The secondary mirror of a telescope pointing near the Sun is subjected to significantly higher irradiances; while the primary mirror may be exposed to approximately 0.014 W/cm² from direct Sun at 1AU, the focusing power of the primary mirror will result in irradiances as much as 25-100 times higher on the secondary mirror. This level of irradiance can result in significant thermal distortion to the secondary surface, rapidly resulting in significant aberration to the observed uplink beacon and the finely-tuned downlink. Given the tight wavefront error requirements, it is imperative to prevent Sunlight focused by the primary mirror from depositing significant amounts of heat in the secondary mirror.

A second reason to avoid direct illumination of the secondary mirror with light focused by the primary mirror is that this light will result in significantly more scattering at the uplink sensor detector than that produced directly by the primary mirror. Though the primary mirror is generally considerably larger than the secondary mirror, the concentration of the light by the primary mirror generates roughly the same amount of total scattering from both surfaces. However, the secondary mirror is optically much closer to the detector than the primary mirror, resulting in a significantly larger effective solid angle presented by the detector. We estimate that for a typical optical transceiver system, scattering from the secondary mirror generates approximately 25 times the amount of scattered light at the detector as the same total amount of light scattered from the primary mirror.

Introducing a field stop prior to the secondary mirror almost completely eliminates secondary mirror scattering, thus enabling near-Sun operations.
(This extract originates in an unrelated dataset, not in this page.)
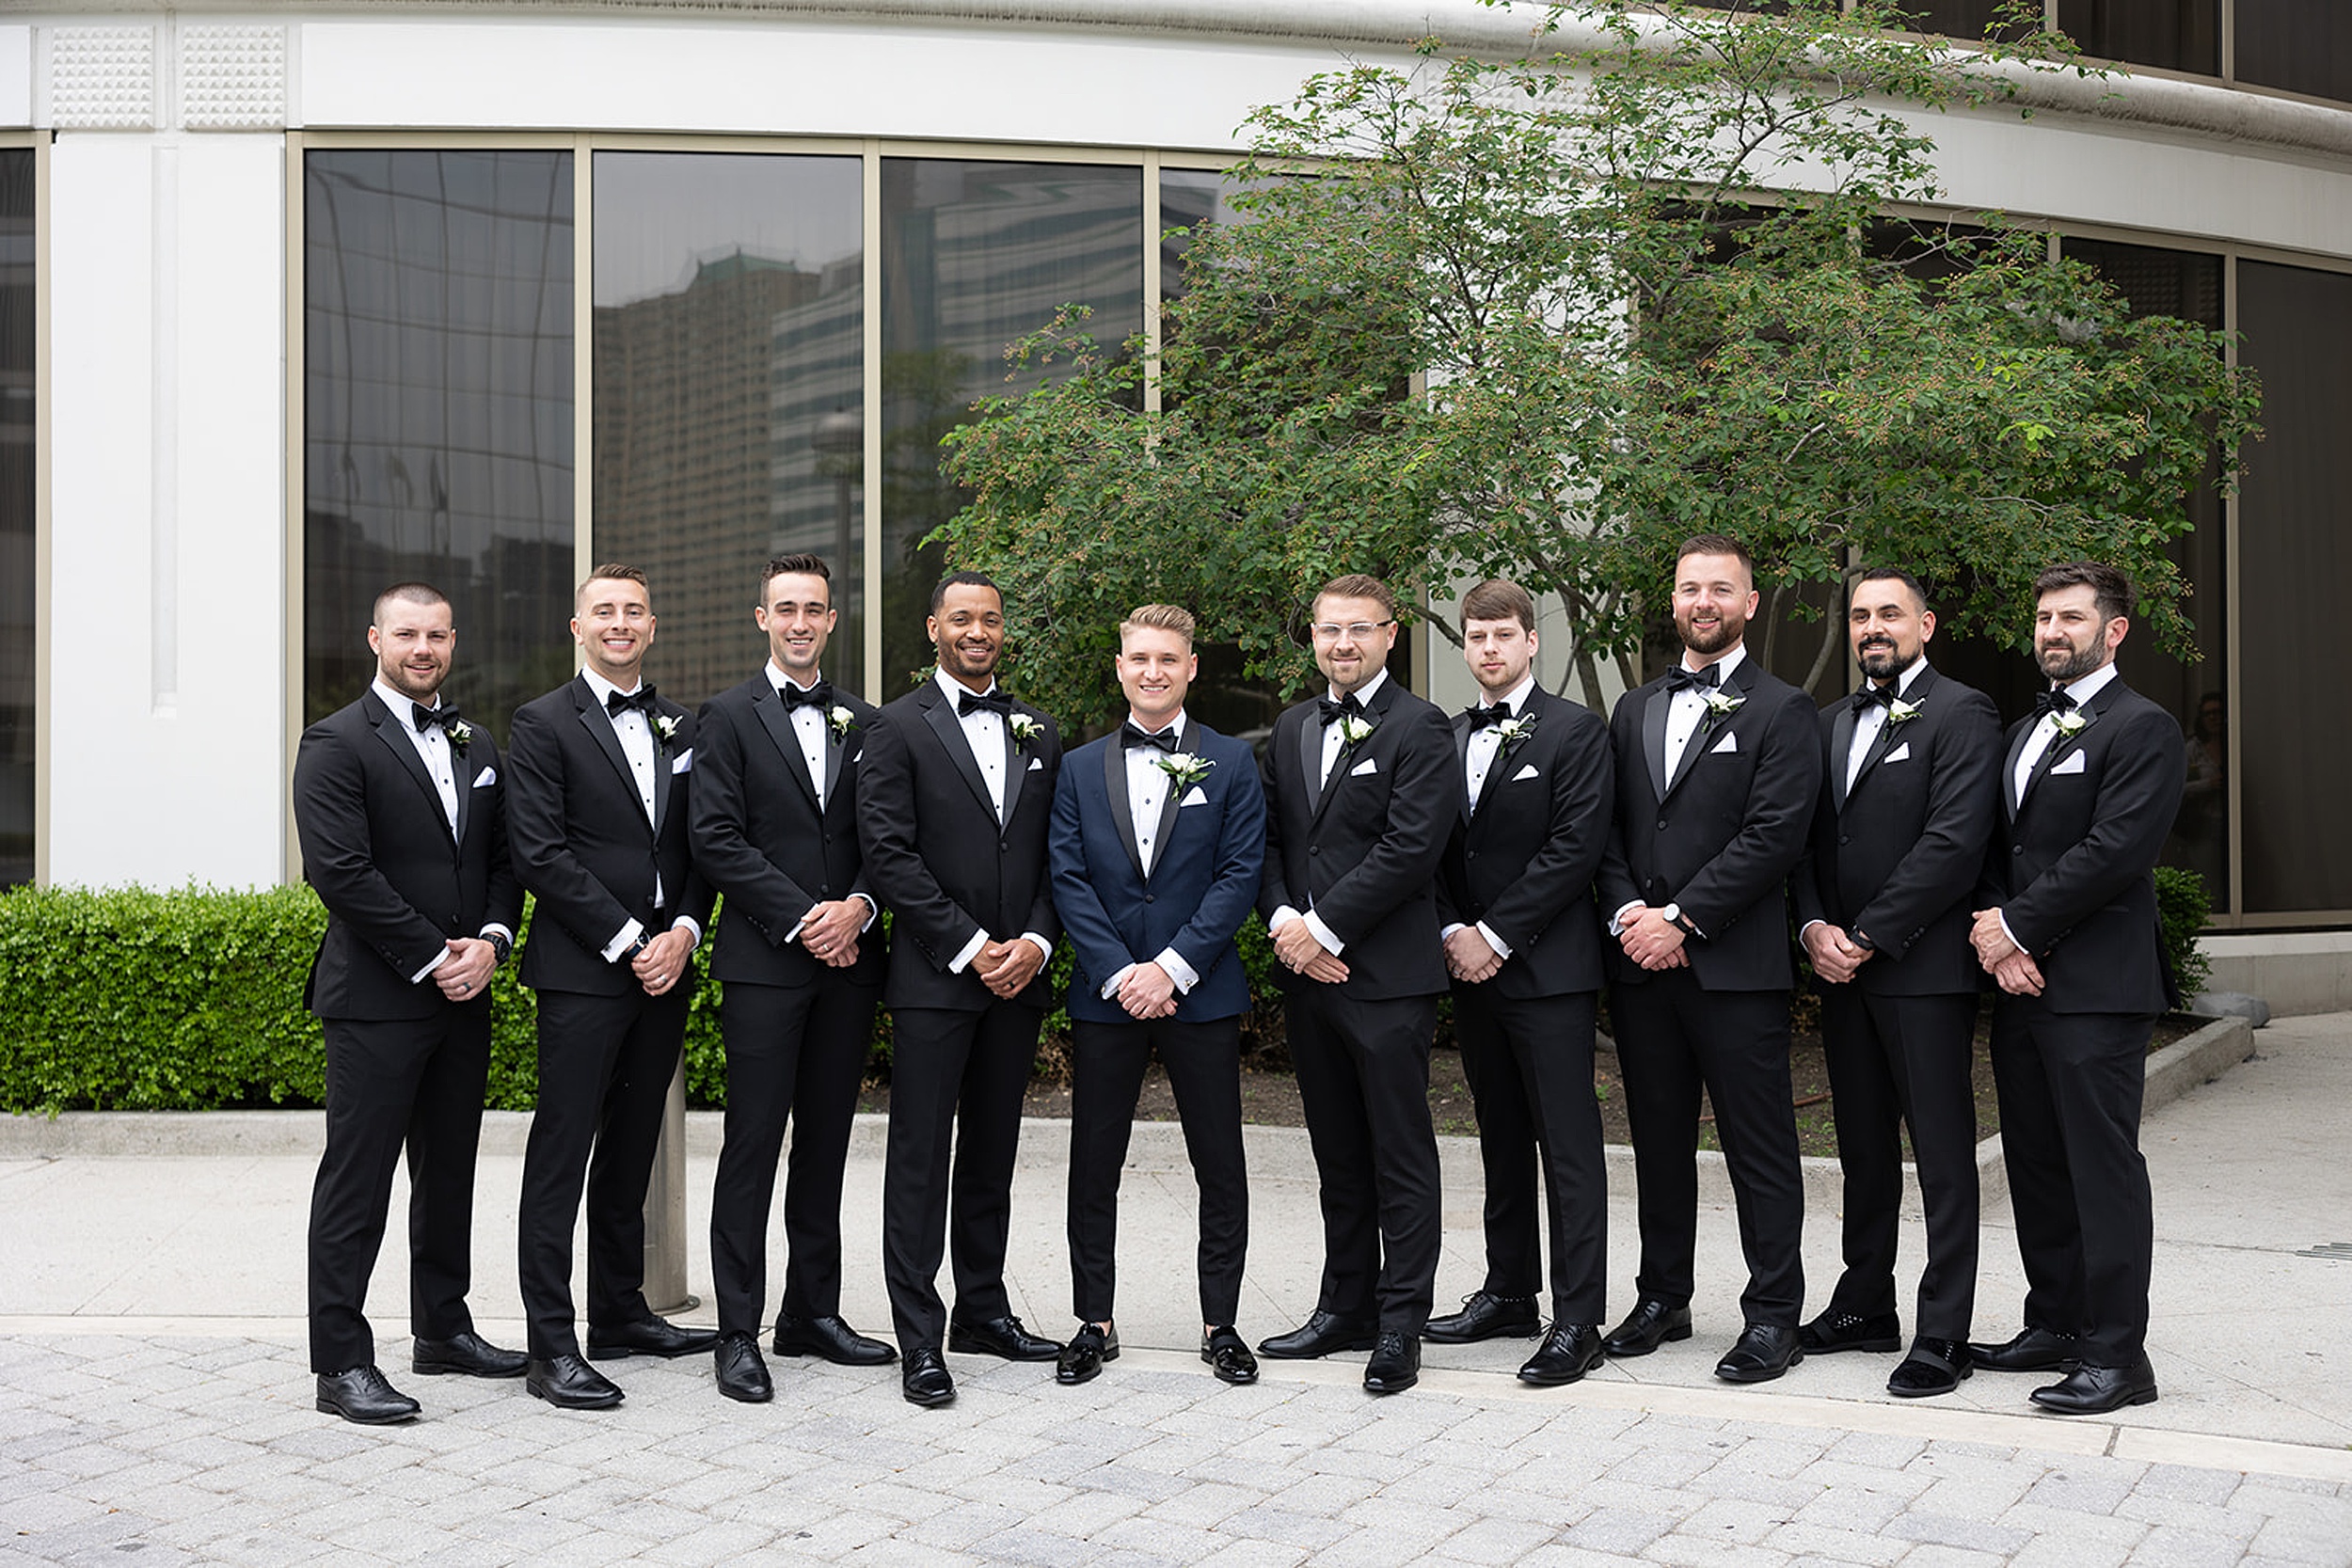 A groom in a blue tuxedo stands with his groomsmen all wearing black
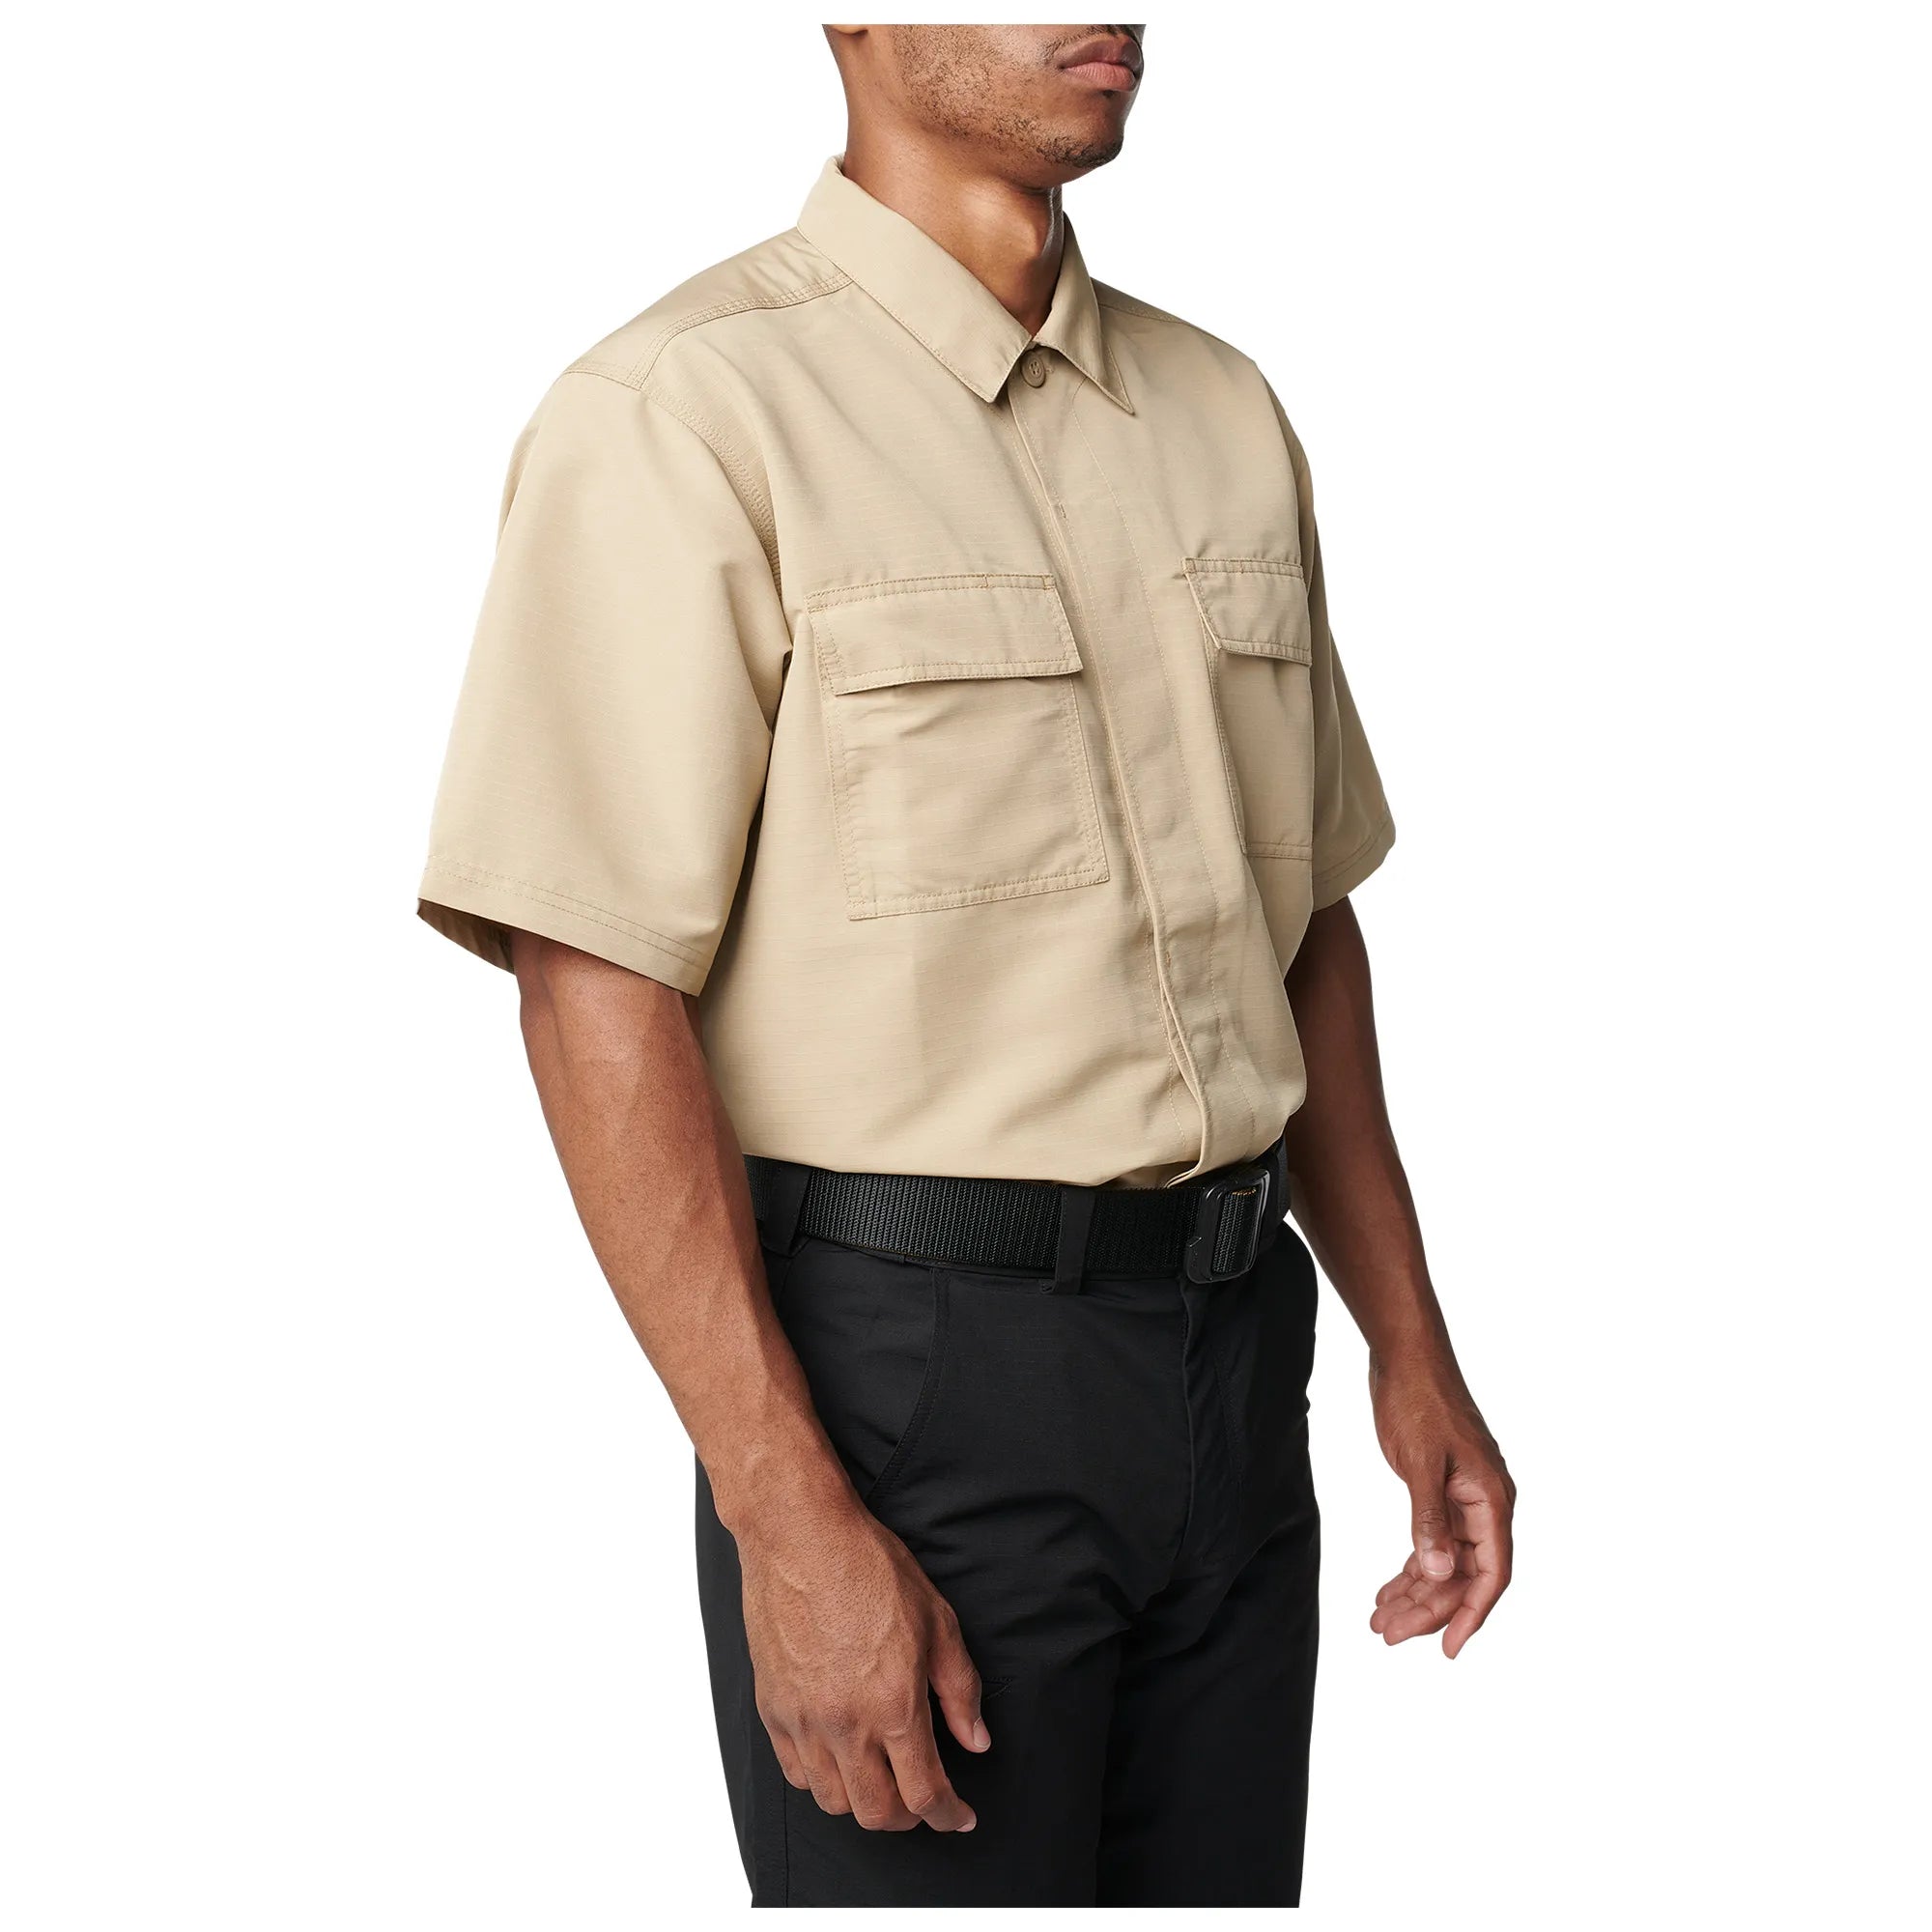 5.11 Tactical Fast-Tac TDU Short Sleeve Shirt 71379 - Clothing & Accessories

It also acts as a first line of defense against damage produced by accidental direct-Sun pointing. A deep-space optical communications terminal can operate with a required field of as little as 1 mrad, approximately 1/10^th the angular subtense of the disk of the Sun when observed from 1 AU. Implementing a Gregorian collecting telescope with a 1 mrad field stop in a transceiver can therefore limit the total amount of sunlight transmitted on to the remaining optical channels to about 1% of the power collected by the primary mirror, even during direct-Sun pointing.

D.

Telescope Materials

Achieving light weight optical designs which can operate over the wide range of thermal loading conditions to which a deep-space optical transceiver will be subjected requires careful consideration and selection of candidate materials. To that end, we considered several different candidate materials for inclusion in the system.

The choice of material was driven largely by the two overriding concerns repeated throughout this paper: system mass and near-Sun operation. Reducing system mass (while maintaining optical alignment and optical wavefront requirements) requires material with very high specific stiffness (ratio of Young’s modulus to density). Maintaining operations under different solar loading conditions requires low transient thermal distortion. These parameters for various optical materials are shown in Fig. 3. Ideal candidate materials would fall within the triangular region shown at the upper-left portion of the graph. While ULE is slightly better in transient distortion, and Beryllium is better in specific stiffness, SiC is the best material for meeting both requirements simultaneously.

Fig. 3

Specific stiffness and transient distortion plotted for various candidate materials. The system requirements drive the choice of materials within the magenta triangular region.